You can run all tests with
```bash
python -m unittest
```
or you can specify a test by providing the test name in the format `tests.strategy_class_name.test_benchmarkname`.
For example to run Synaptic Intelligence on Split MNIST you can run:
```bash
python -m unittest tests.SynapticIntelligence.test_smnist
```
## Cite
If you used this repo you automatically used Avalanche, please remember to cite our reference paper published at the [CLVision @ CVPR2021](https://sites.google.com/view/clvision2021/overview?authuser=0) workshop: ["Avalanche: an End-to-End Library for Continual Learning"](https://arxiv.org/abs/2104.00405).
This will help us make Avalanche better known in the machine learning community, ultimately making it a better tool for everyone:
```
@InProceedings{lomonaco2021avalanche,
title={Avalanche: an End-to-End Library for Continual Learning},
author={Vincenzo Lomonaco and Lorenzo Pellegrini and Andrea Cossu and Antonio Carta and Gabriele Graffieti and Tyler L. Hayes and Matthias De Lange and Marc Masana and Jary Pomponi and Gido van de Ven and Martin Mundt and Qi She and Keiland Cooper and Jeremy Forest and Eden Belouadah and Simone Calderara and German I. Parisi and Fabio Cuzzolin and Andreas Tolias and Simone Scardapane and Luca Antiga and Subutai Amhad and Adrian Popescu and Christopher Kanan and Joost van de Weijer and Tinne Tuytelaars and Davide Bacciu and Davide Maltoni},
booktitle={Proceedings of IEEE Conference on Computer Vision and Pattern Recognition},
series={2nd Continual Learning in Computer Vision Workshop},
year={2021}
}
```
## Contribute to the project
We are always looking for new contributors willing to help us in the challenging mission of providing robust experiments
to the community. Would you like to join us? The steps are easy!
1. Take a look at the opened issues and find yours
2. Fork this repo and write an experiment (see next section)
3. Submit a PR and receive support from the maintainers
4. Merge the PR, your contribution is now included in the project!
### Write an experiment
1. Create the appropriate script into `experiments/benchmark_folder`. If the benchmark is not present, you can add one.
2. Fill the `experiment.py` file with your code, following the style of the other experiments. The script should return the metrics used by the related test.
3. Add to `tests/target_results.csv` the expected result for your experiment. You can add a number or a list of numbers.
4. Write the unit test in `tests/strategy_folder/experiment.py`. Follow the very simple structure of existing tests.
5. Update table in `README.md`.
### Find the avalanche commit which produced a regression
1. Place yourself into the avalanche folder and make sure you are using the avalanche version from that repository
in your python environment (it is usually enough to add `/path/to/avalanche` to your `PYTHONPATH`).
2. Use the `gitbisect_test.sh` (provided in this repository) in combination with `git bisect` to retrieve the avalanche commit introducing the regression.
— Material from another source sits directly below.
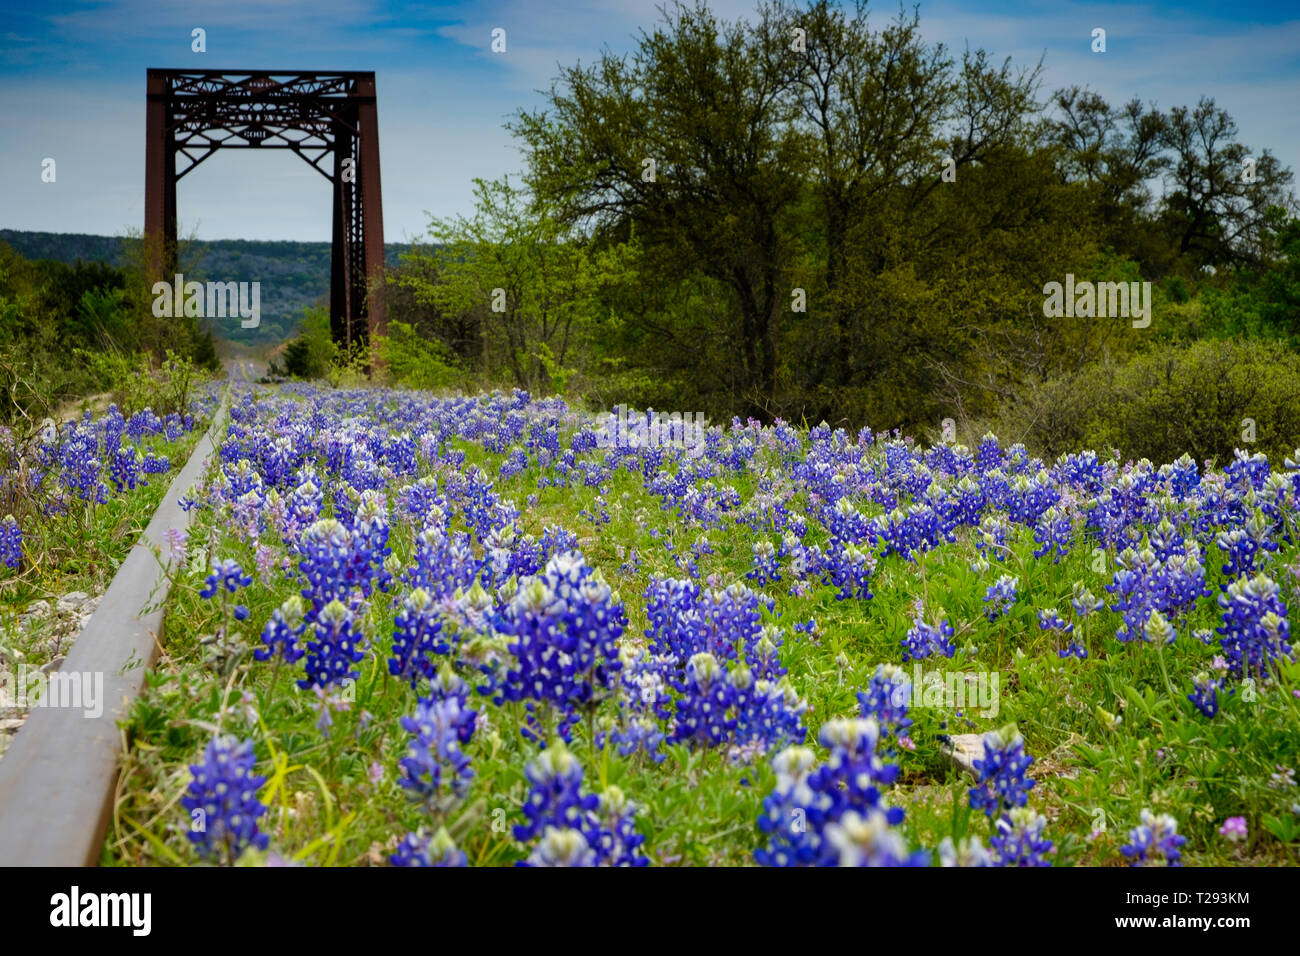 Bluebonnets bloom along abandoned railroad tracks in the Texas Hill Country between Austin and San Antonio. USA. Stock Photo

`git bisect start HEAD v0.1.0 -- # HEAD (current version) is bad, v0.1.0 is good`
`git bisect run /path/to/gitbisect_test.sh /path/to/continual-learning-baselines optional_test_name`
`git bisect reset`
3. The `gitbisect_test.sh` script requires a mandatory parameter pointing to the `continual-learning-baselines`
directory and an optional parameter specifying the path to a particular unittest (e.g., `tests.EWC.test_pmnist`).
If the second parameter is not given, all the unit tests will be run.
4. The terminal output will tell you which commit introduced the bug
5. You can change the `HEAD` and `v0.1.0` ref to any avalanche commit.